On Wed, Aug 31, 2016 at 1:42 PM, Emir Arnautovic <
emir.arnautovic@sematext.com> wrote:

> HI Chamil,
>
> One thing to consider is relevancy, especially in case tenants' domains
> are different (e.g. one is tech and other pharmacy). If you go with one
> collection and use same field (e.g. desc) for all tenants, you will get one
> field stats and could skew results ordering if you order by score (e.g.
> word 'cream' might be infrequent in tech tenant but could become frequent
> overall because of large pharmacy tenant).
>
> On the other side having large number of collection could also be
> problematic. You can address that issue with splitting tenants to multiple
> clusters, or having collections for large tenants and grouping smaller
> tenants by domain.
>
> Make sure that you use routing by tenant id in case of multi tenant
> collection.
>
> HTH,
> Emir
>
>
>
> On 28.08.2016 07:02, Chamil Jeewantha wrote:
>
>> Thank you everyone for your great support.
>>
>> I will update you with our final approach.
>>
>> Best regards,
>> Chamil
>>
>> On Aug 28, 2016 01:34, "John Bickerstaff" <jo...@johnbickerstaff.com>
>> wrote:
>>
>> In my own work, the risk to the business if every single client cannot
>>> access search is so great, we would never consider putting everything in
>>> one.  You should certainly ask that question of the business stakeholders
>>> before you decide.
>>>
>>> For that reason, I might recommend that each of the multiple collections
>>> suggested above by Erick could also be on a separate SolrCloud (or single
>>> Solr instance) so that no single failure can ever take down every
>>> tenant's
>>> ability to search -- only those on that particular SolrCloud...
>>>
>>> On Sat, Aug 27, 2016 at 10:36 AM, Erick Erickson <
>>> erickerickson@gmail.com>
>>> wrote:
>>>
>>> There's no one right answer here. I've also seen a hybrid approach
>>>> where there are multiple collections each of which has some
>>>> number of tenants resident. Eventually, you need to think of some
>>>> kind of partitioning, my rough number of documents for a single core
>>>> is 50M (NOTE: I've seen between 10M and 300M docs fit in a core).
>>>>
>>>> All that said, you may also be interested in the "transient cores"
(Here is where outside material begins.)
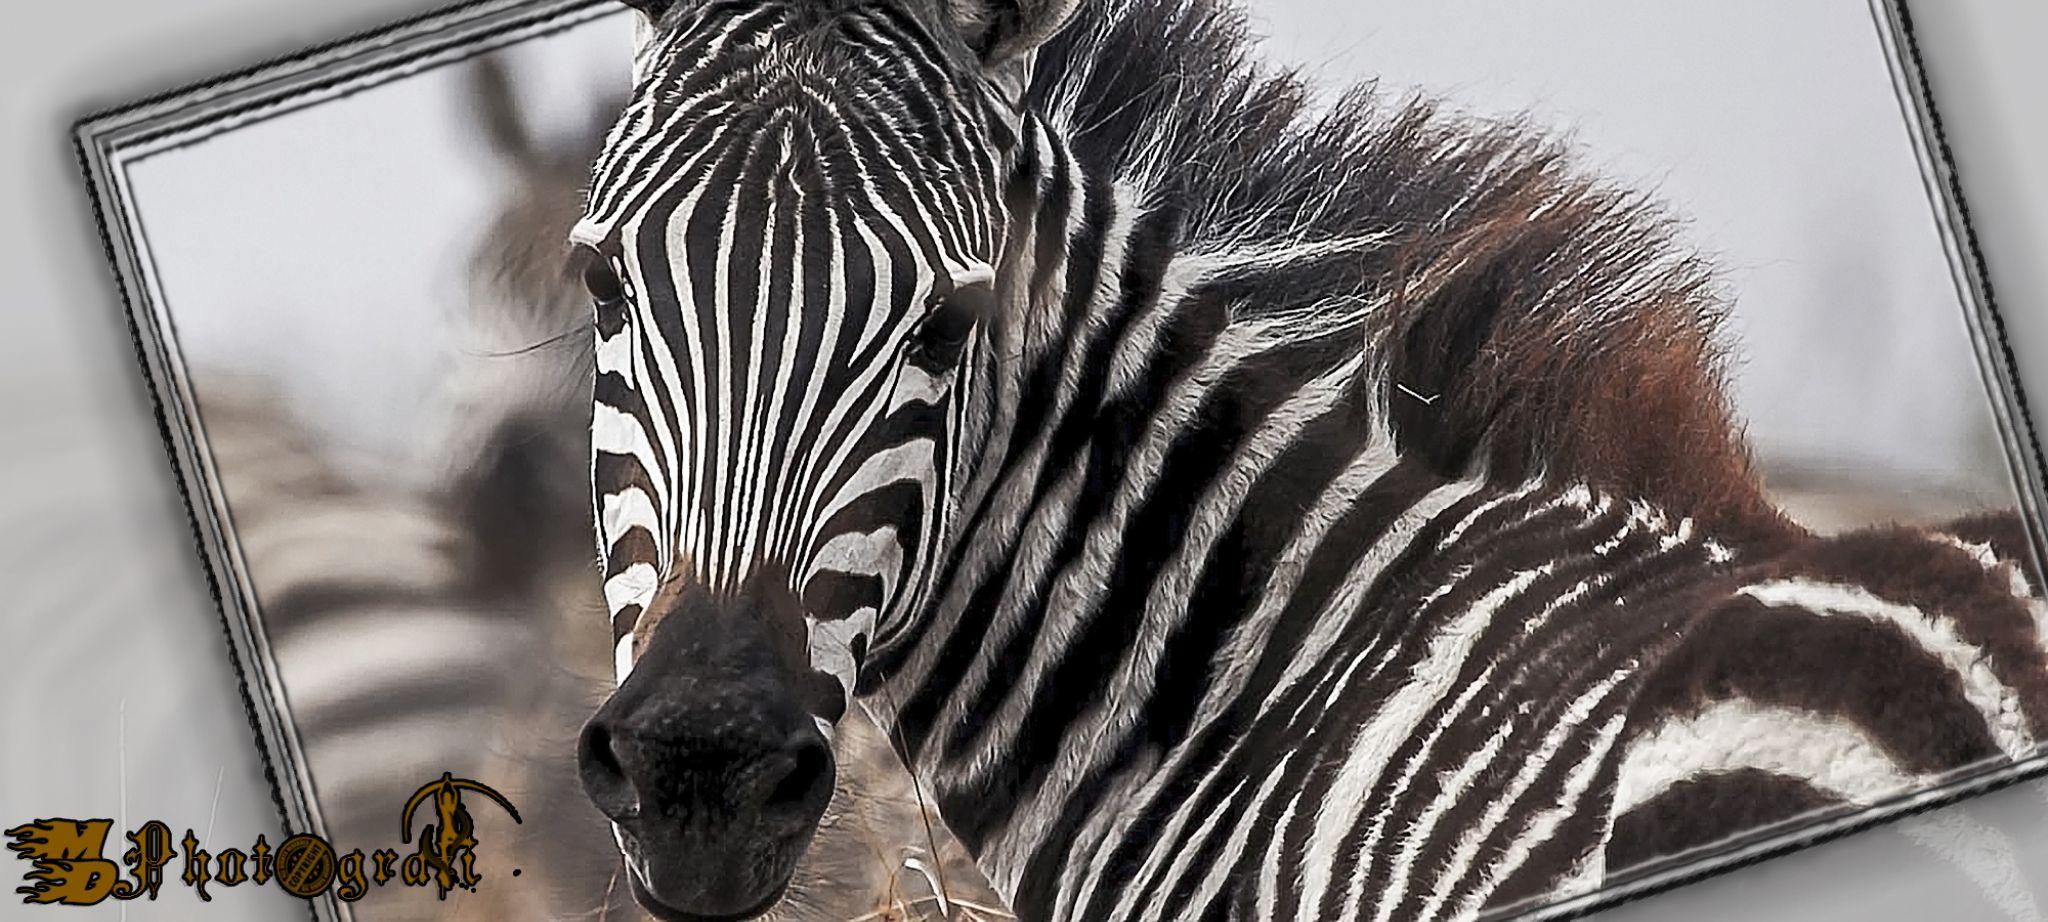 Zebra by Wow! Photos.Eu

>>>> option, see: https://cwiki.apache.org/confluence/display/solr/
>>>> Defining+core.properties
>>>> and the transient and transientCacheSize (this latter in solr.xml). Note
>>>> that this is stand-alone only so you can't move that concept to
>>>> SolrCloud if you eventually go there.
>>>>
>>>> Best,
>>>> Erick
>>>>
>>>> On Fri, Aug 26, 2016 at 12:13 PM, Chamil Jeewantha <kd...@gmail.com>
>>>> wrote:
>>>>
>>>>> Dear Solr Members,
>>>>>
>>>>> We are using SolrCloud as the search provider of a multi-tenant cloud
>>>>>
>>>> based
>>>>
>>>>> application. We have one schema for all the tenants. The indexes will
>>>>>
>>>> have
>>>>
>>>>> large number(millions) of documents.
>>>>>
>>>>> As of our research, we have two options,
>>>>>
>>>>>     - One large collection for all the tenants and use Composite-ID
>>>>>
>>>> routing
>>>>
>>>>>     - Collection per tenant
>>>>>
>>>>> The below mail says,
>>>>>
>>>>>
>>>>> https://mail-archives.apache.org/mod_mbox/lucene-solr-user/
>>>>>
>>>> 201403.mbox/%3C5324CD4B.2020309@protulae.com%3E
>>>>
>>>>> SolrCloud is *more scalable in terms of index size*. Plus you get
>>>>> redundancy which can't be underestimated in a hosted solution.
>>>>>
>>>>>
>>>>> AND
>>>>>
>>>>> The issue is management. 1000s of cores/collections require a level of
>>>>> automation. On the other hand, having a single core/collection means if
>>>>> you make one change to the schema or solrconfig, it affects everyone.
>>>>>
>>>>>
>>>>> Based on the above facts we think One large collection will be the way
>>>>>
>>>> to
>>>
>>>> go.
>>>>>
>>>>> Questions:
>>>>>
>>>>>     1. Is that the right way to go?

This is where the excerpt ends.